Here is the task for the listing below: output exactly the lines from the one containing "Legendary Dimebag Darrell" through the one containing "Fringe Lace Pencil Skirt", and leave out the pictures.

(Input Opens)

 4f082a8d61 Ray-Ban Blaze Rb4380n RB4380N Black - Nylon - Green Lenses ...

(Input Closes)
(Input Opens)

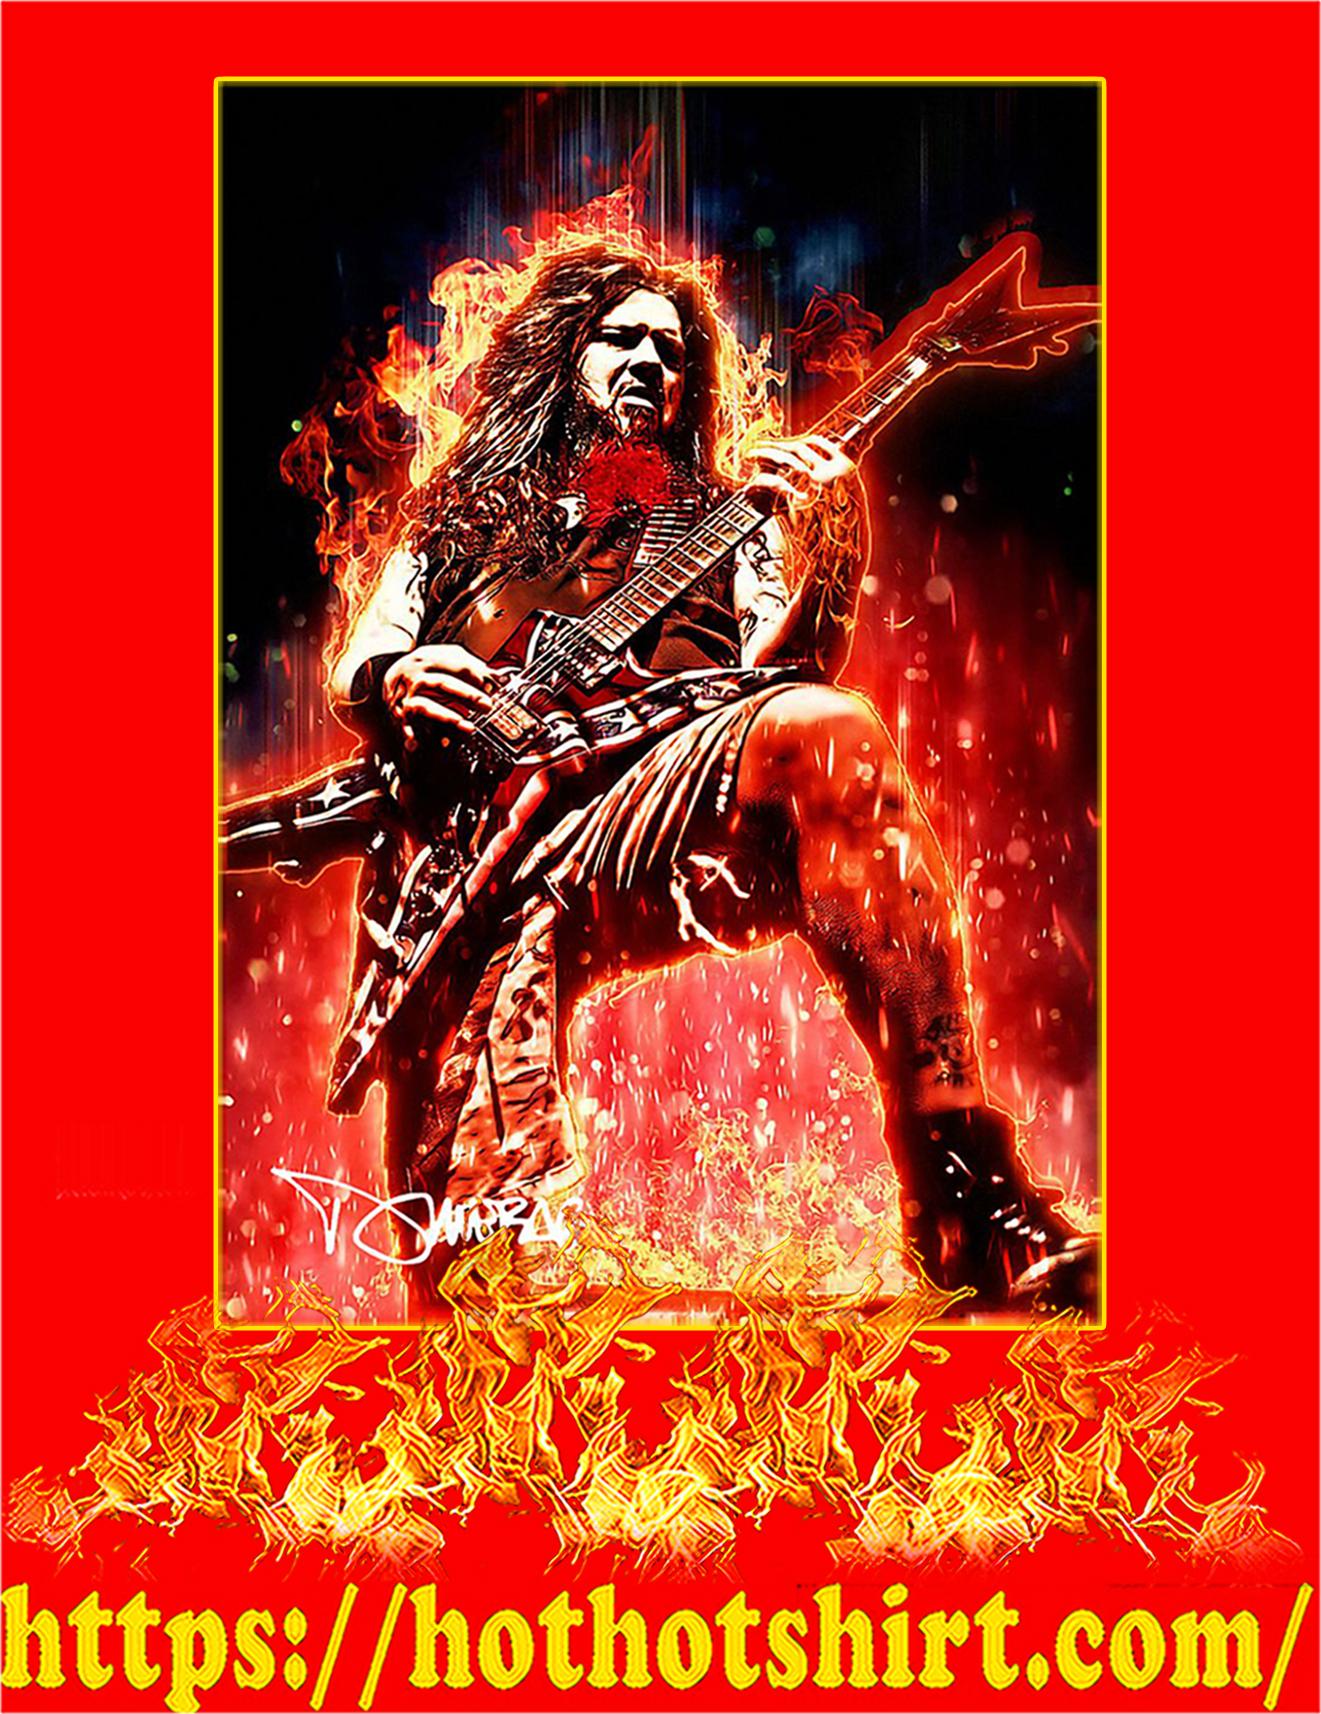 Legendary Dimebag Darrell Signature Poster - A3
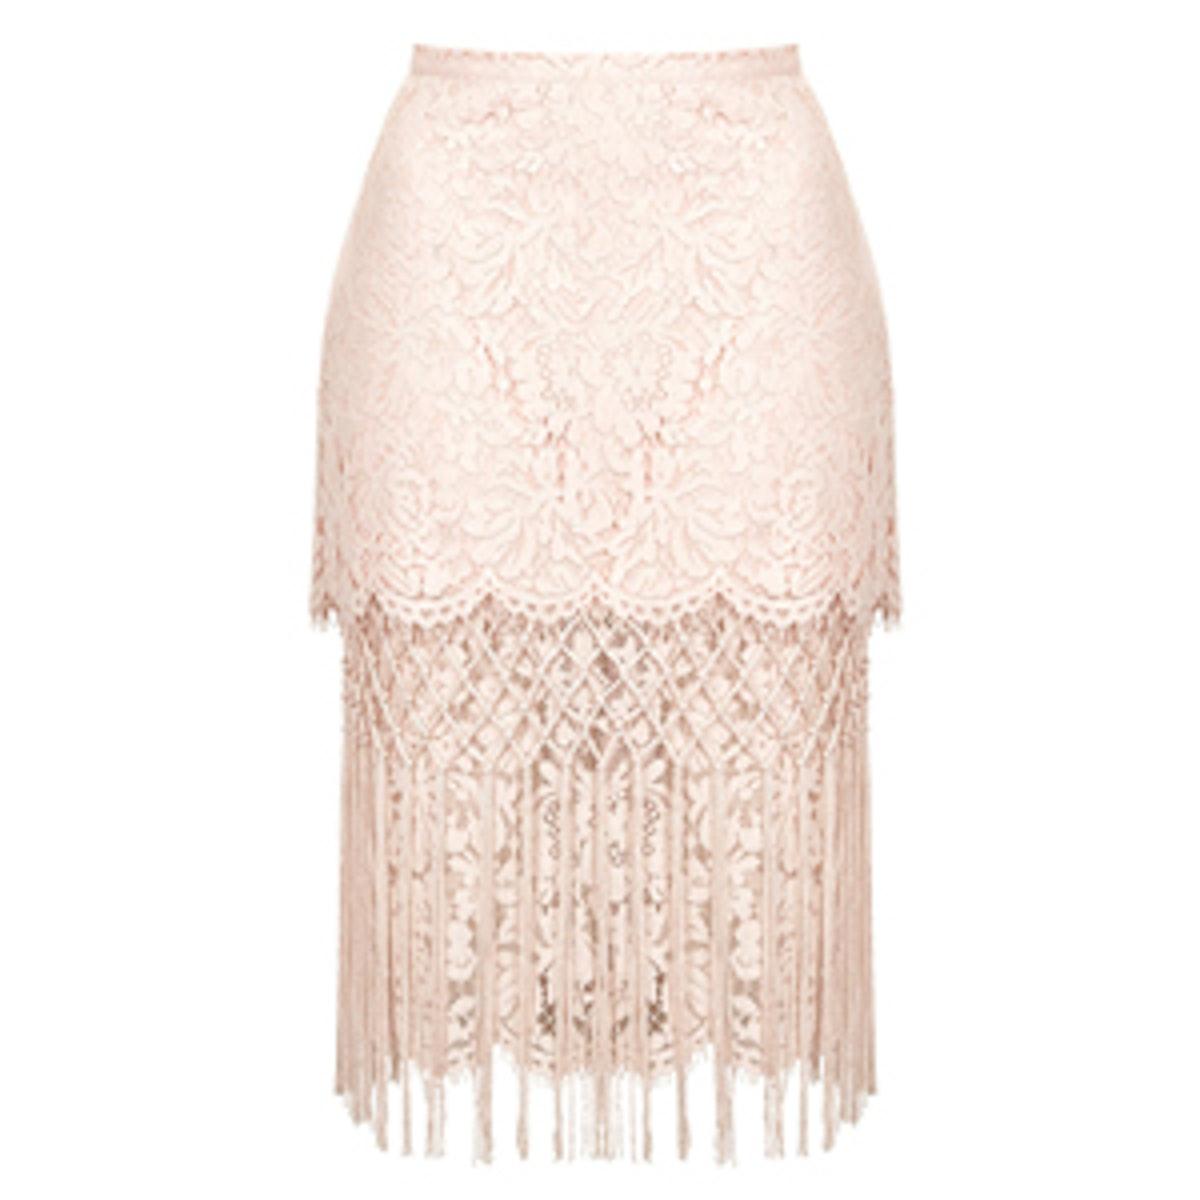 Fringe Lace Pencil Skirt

(Input Closes)

Output of the task:
 Legendary Dimebag Darrell Signature Poster - A3
 Fringe Lace Pencil Skirt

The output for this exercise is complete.